Brian Clark

Personal information
- Full name: Brian Anthony Clark
- Born: 3 September 1964 (age 61) Bulawayo, Zimbabwe
- Batting: Right-handed
- Bowling: Right-arm leg break

Domestic team information
- 1994–1997: Matabeleland
- First-class debut: 14 January 1994 Matabeleland v Mashonaland Under-24s
- Only List A: 2 March 1997 Matabeleland v Mashonaland

Career statistics
| Competition | FC | LA |
| Matches | 4 | 1 |
| Runs scored | 150 | 3 |
| Batting average | 25.00 | 3.00 |
| 100s/50s | 0/2 | 0/0 |
| Top score | 56 | 3 |
| Balls bowled | 108 | – |
| Wickets | 0 | – |
| Bowling average | – | – |
| 5 wickets in innings | – | – |
| 10 wickets in match | – | n/a |
| Best bowling | – | – |
| Catches/stumpings | 1/– | 0/– |
- Source: Cricket Archive (subscription required), 6 June 2012

= Brian Clark (cricketer) =

Zimbabwean cricketer (born 1964)

Brian Clark (born 3 September 1964) was a Zimbabwean cricketer. He was a right-handed batsman and a leg-break bowler who played for Matabeleland. He was born in Bulawayo.

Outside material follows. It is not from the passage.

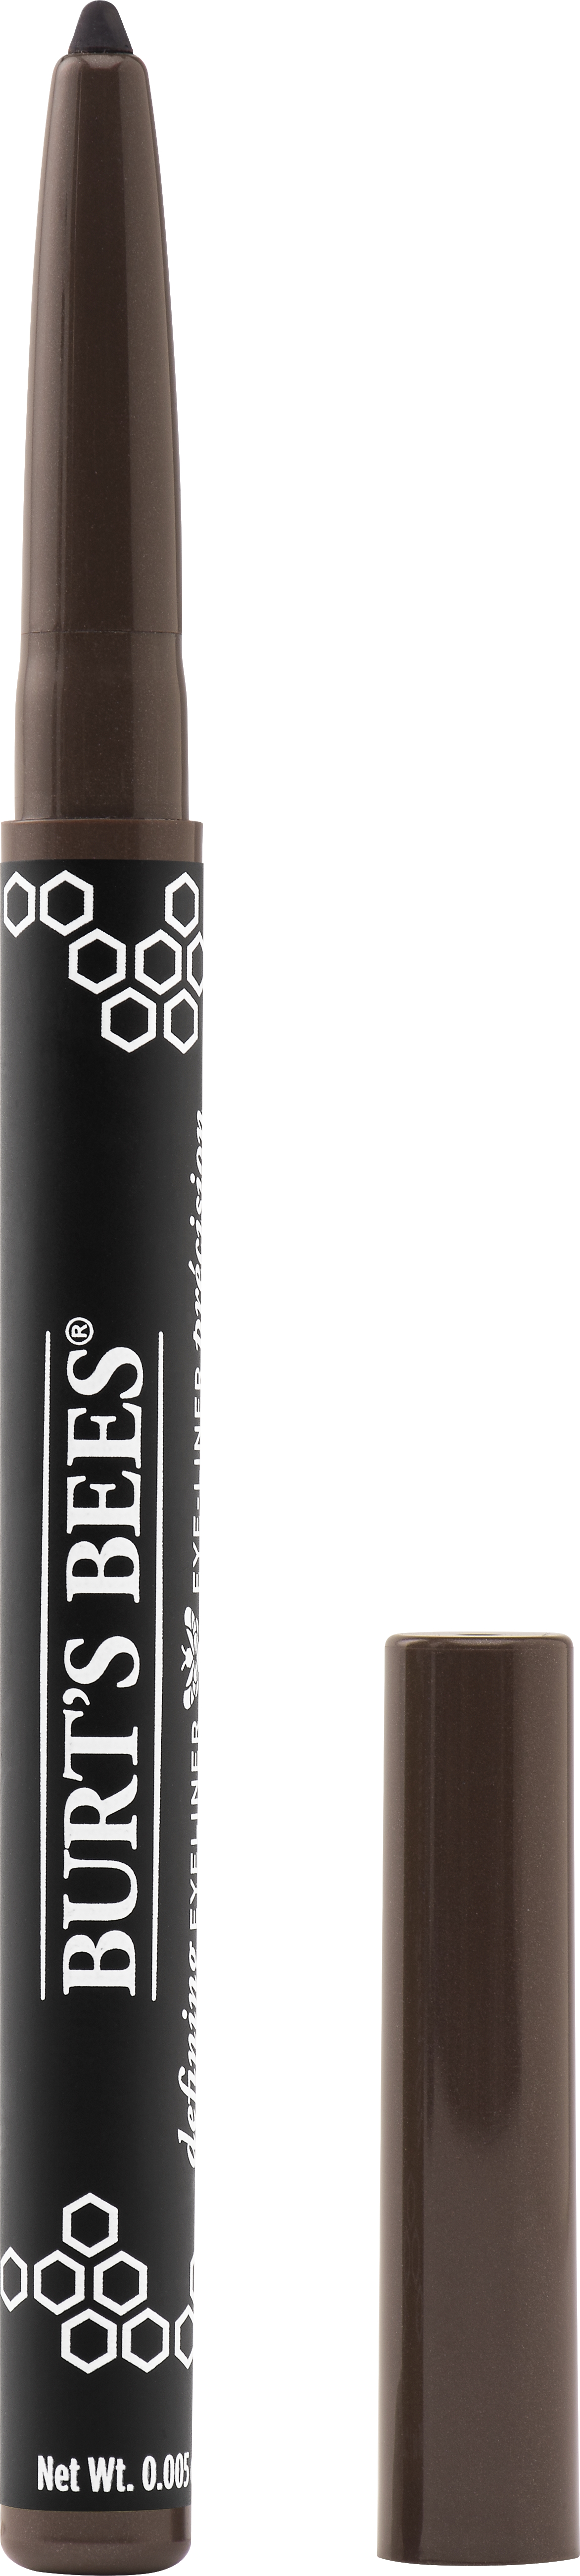 Burts Bees 100% Natural Origin Defining Eyeliner, Onyx, Satin Finish - 0.005 Ounce - image 1 of 7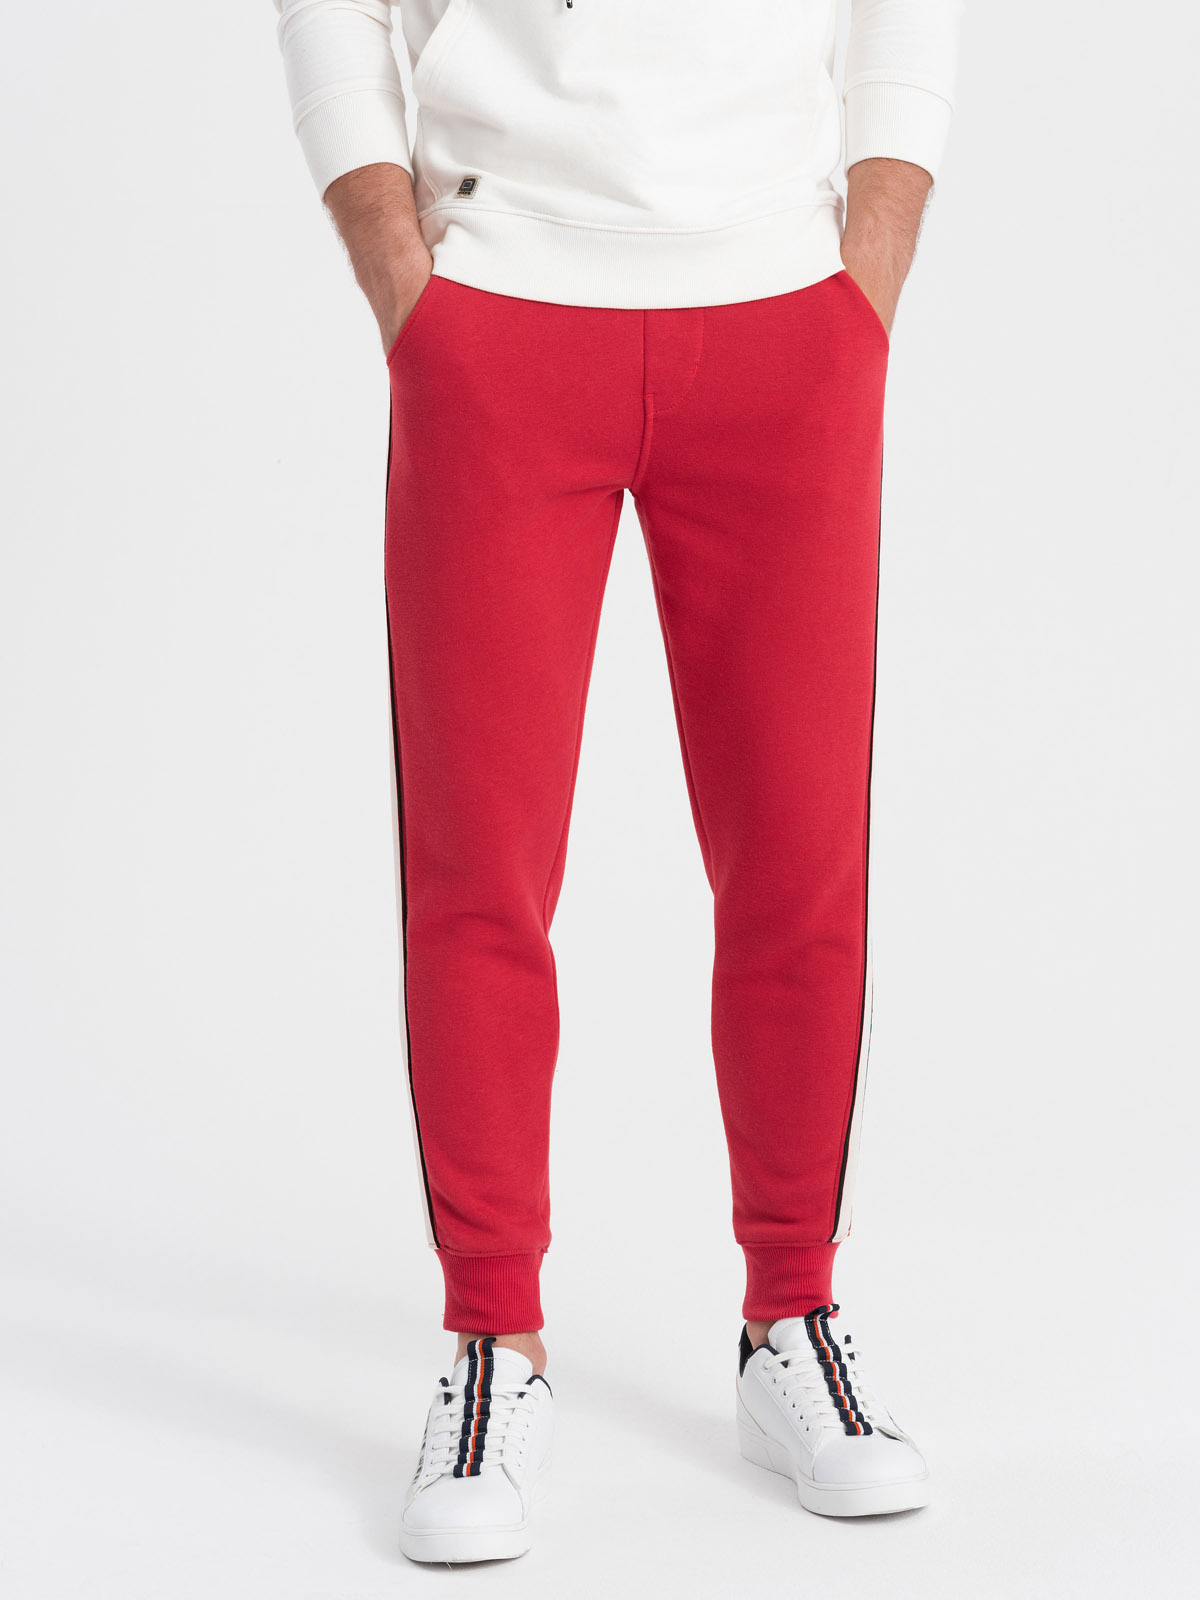 Men's sweatpants P865 - yellow | MODONE wholesale - Clothing For Men

Clark made three appearances in the Logan Cup competition of 1993-94, scoring a half century in his debut innings. His second first-class match was slightly more successful still, as he scored a career-best 56 runs in an innings victory, in which he partnered four-time Test cricketer Wayne James to James' highest first-class score of 215 runs.

Clarke was an upper-middle order batsman and an occasional bowler, though he failed to secure a single wicket in 18 overs of bowling.